第3話 居場所

 急いで声の主を確認しにいく。

「いらっしゃいませ...」

 いよいよ驚いた。入ってきたのは近所のおばさんや年配のお客さん、郵便でもない。

 大きな瞳に、黒く伸びた髪が腰まで流れている。歳は僕と同じくらいで、端正な顔立ちからはクールな印象を受ける。

「お、何だ彼女か」

 竹おじさんの声をかき消して、「何をお探しですか?」

 その子は少し鋭くも透き通った声で返事をする。

「えっと、一人用の机を探していて」

「机、ですか」

「例えば、あの教科書が乗っている机とか...」

 その子は机の前まで歩いて吟味すると、使い古され凹凸ができた天板をサラッと撫でる。
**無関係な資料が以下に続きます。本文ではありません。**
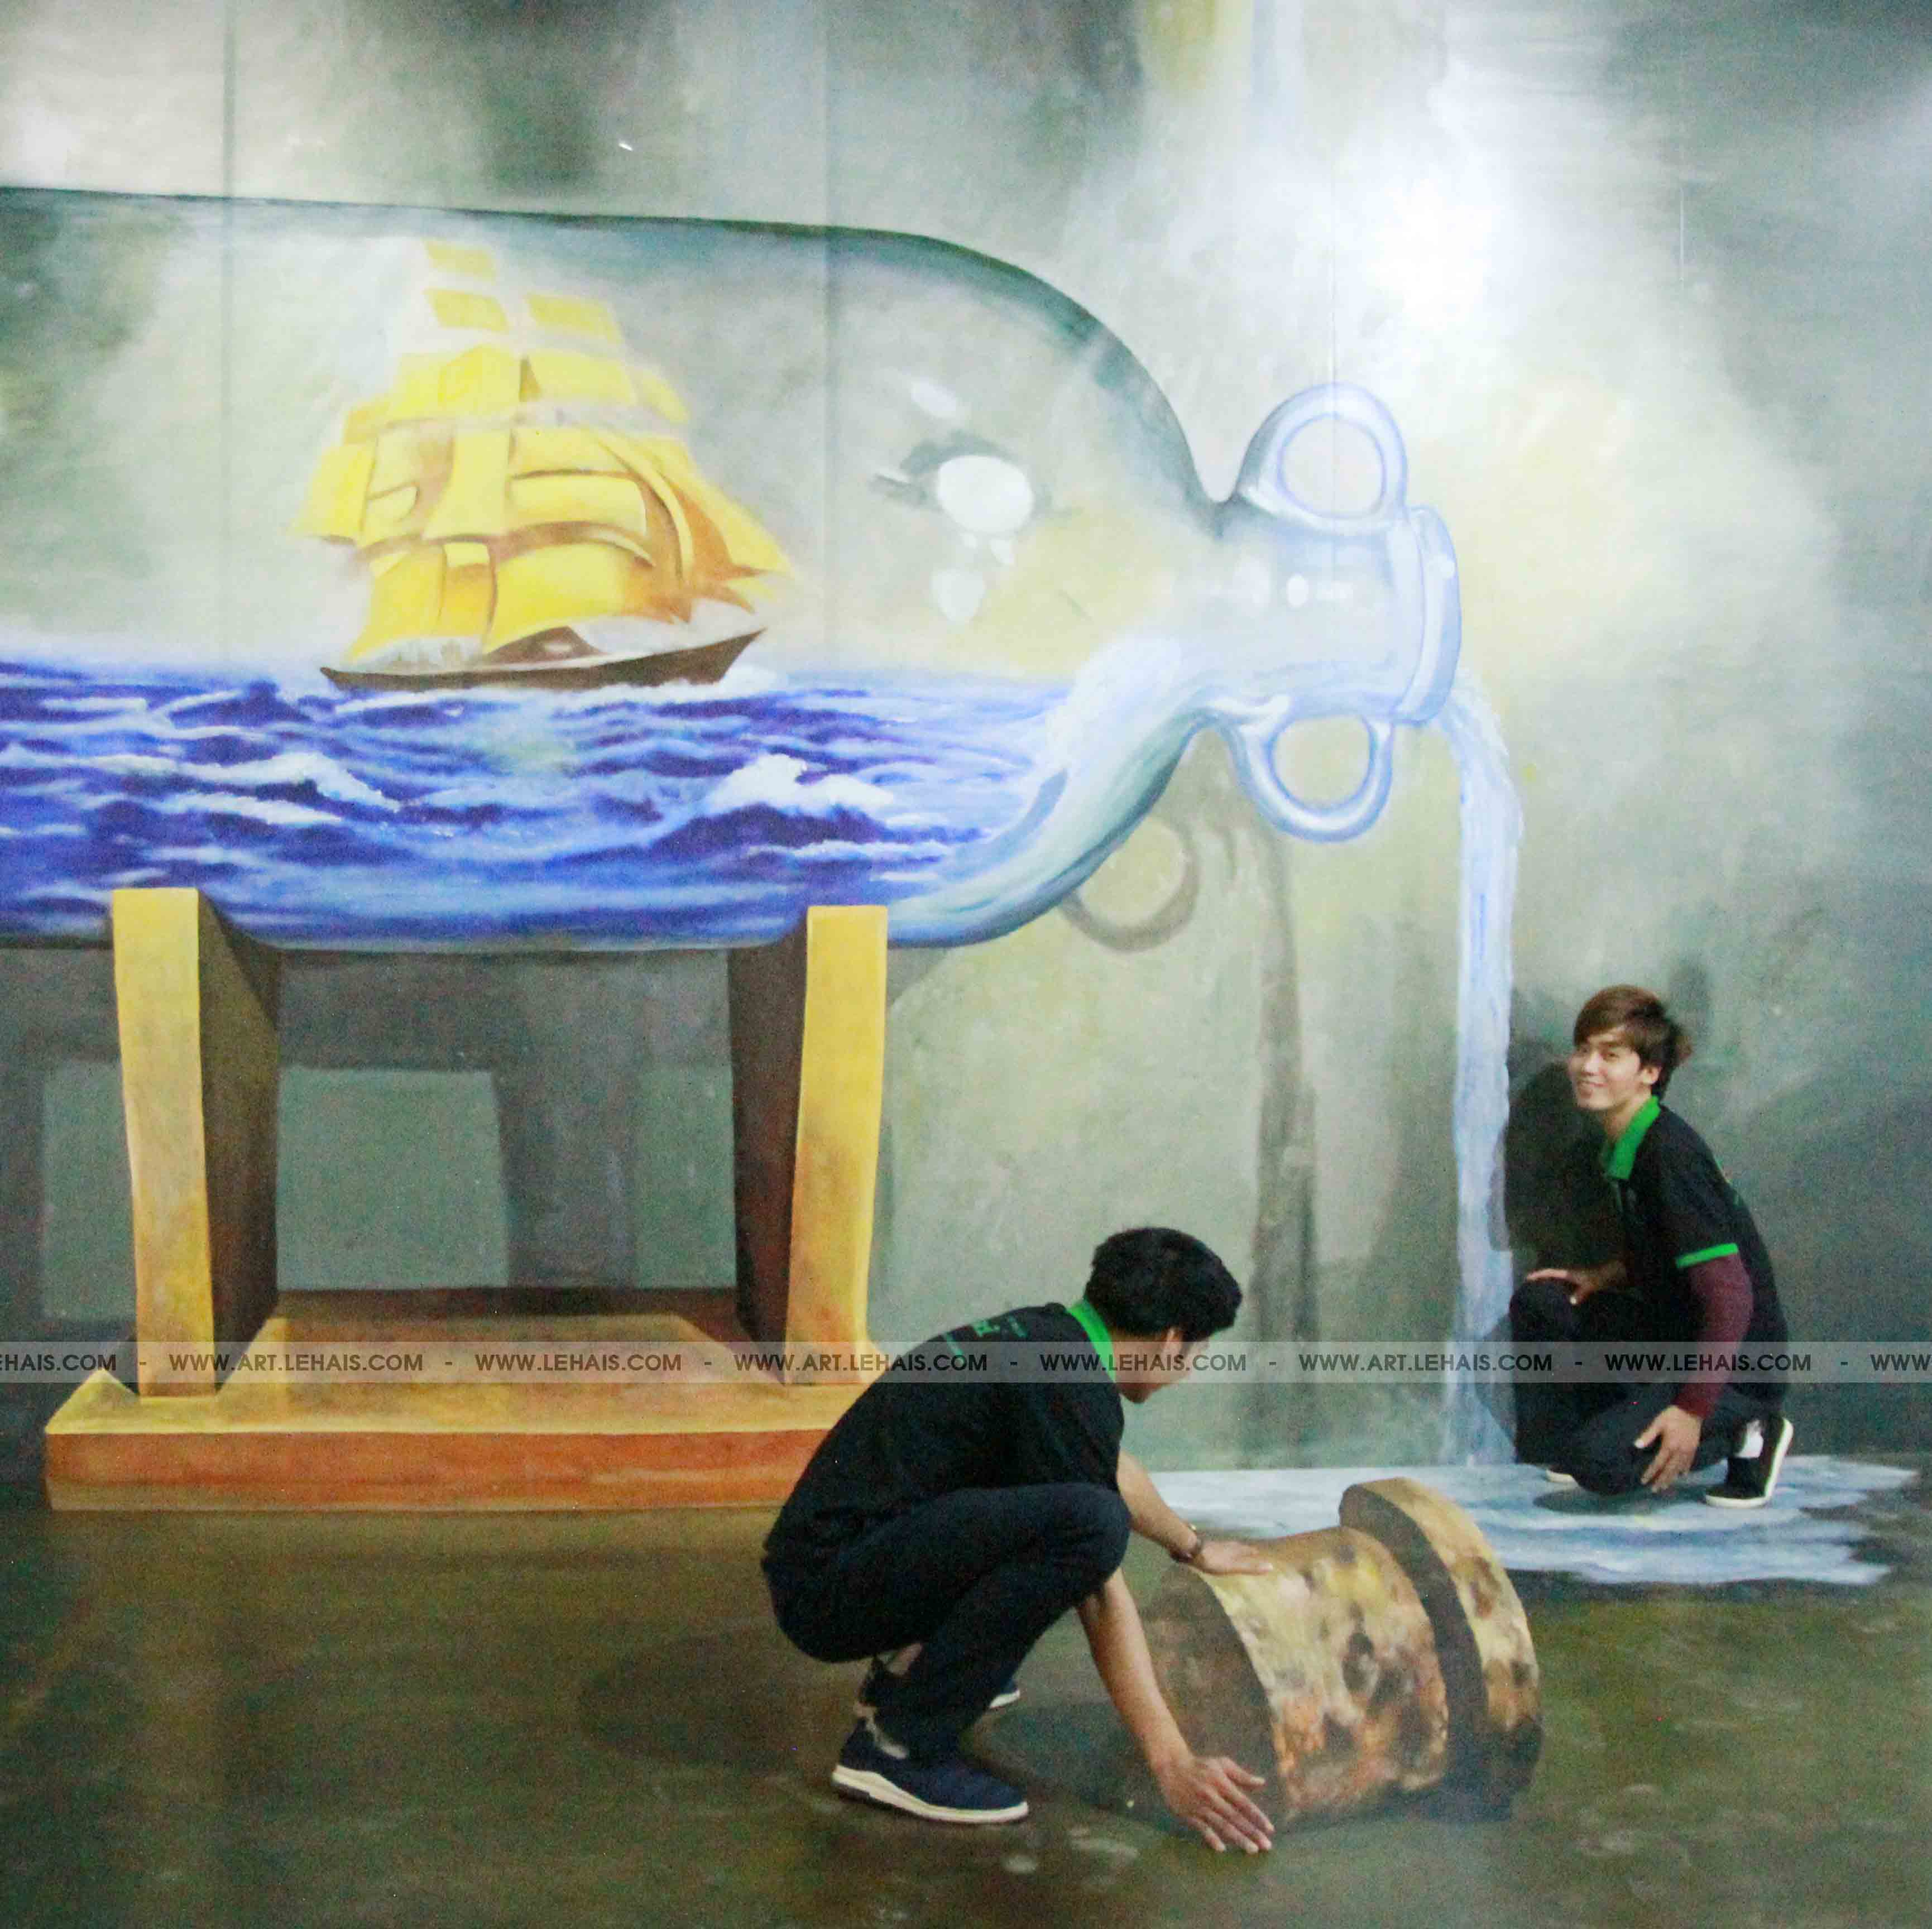 Vẽ tranh 3D tiêu đề "Bình Nước Thần Kì" tại Mipec Long Biên, Hà Nội - TT96LHAR

「一応売り物ではあるんですが、その...」心臓が窮屈そうに胸を叩く。ここで買われてしまうわけにはいかない。この机は僕に残された最後の居場所だった。「あまり状態が良くなくて...」

 明らかに動揺した僕を見た彼女は冷静に、今度は開いたままのノートに目を移す。

「でも売り物ですよね?あと...ここ、間違えてますよ」

「そんなはずは...」

 勉学はそこらの人よりできる自信があった。というより、ここ数年でできるようになってしまった。

 そんな僕が間違えたこの問題を、彼女はこの一瞬で。

「具体的にどう間違っていると...?」

「割と初歩的なミスですね。使う公式を誤ってます。とはいえ、その後の計算は完璧ですが」

 とりあえず、公式を間違えたのは僕が悪い。ここは認めるとしよう。だがその後の計算があっていること、おそらく彼女の中ではすでに正解まで導いていること、こんなことができるというのは天才という他なかった。

 プライドを大きく傷つけられたような気分だった。

「確かに僕が間違っていたみたいです」


 このまま、負けたくない。これ以上、奪われたくない。

 そんないらないはずの感情が暴れる心臓の横で渦巻く。


 雨は、一層強みを増していて。

「...あの机が欲しかったんですよね。こう...しませんか?」

 僕が提案したのは数学以外の教科も入れ、どちらが多く解けるかを競い、負けた方は机を諦めるという単純な勝負だった。

 彼女の返答は、意外にも早かった。

「構いませんよ?あと一つルール追加で。負けた方は勝った方にその教科を教わる、というのはどうでしょう」

「いいですよ、やってやりますよ」ヤケクソだった。

「...ところで、全部今日やるんですか?」

.......。

.......。

「じゃあ明日は空いてますか?このくらいの時間」

「ええ。じゃあ明日来ますね。私は鈴島凛」

「浅川葵です。よろしく」

 なんだか変な関係を作ってしまった気がする。普通のバイトなら怒鳴られてすぐに辞めさせられそうだが、会話を盗み聞きしていた竹おじさんは奥でハッハと笑っていた。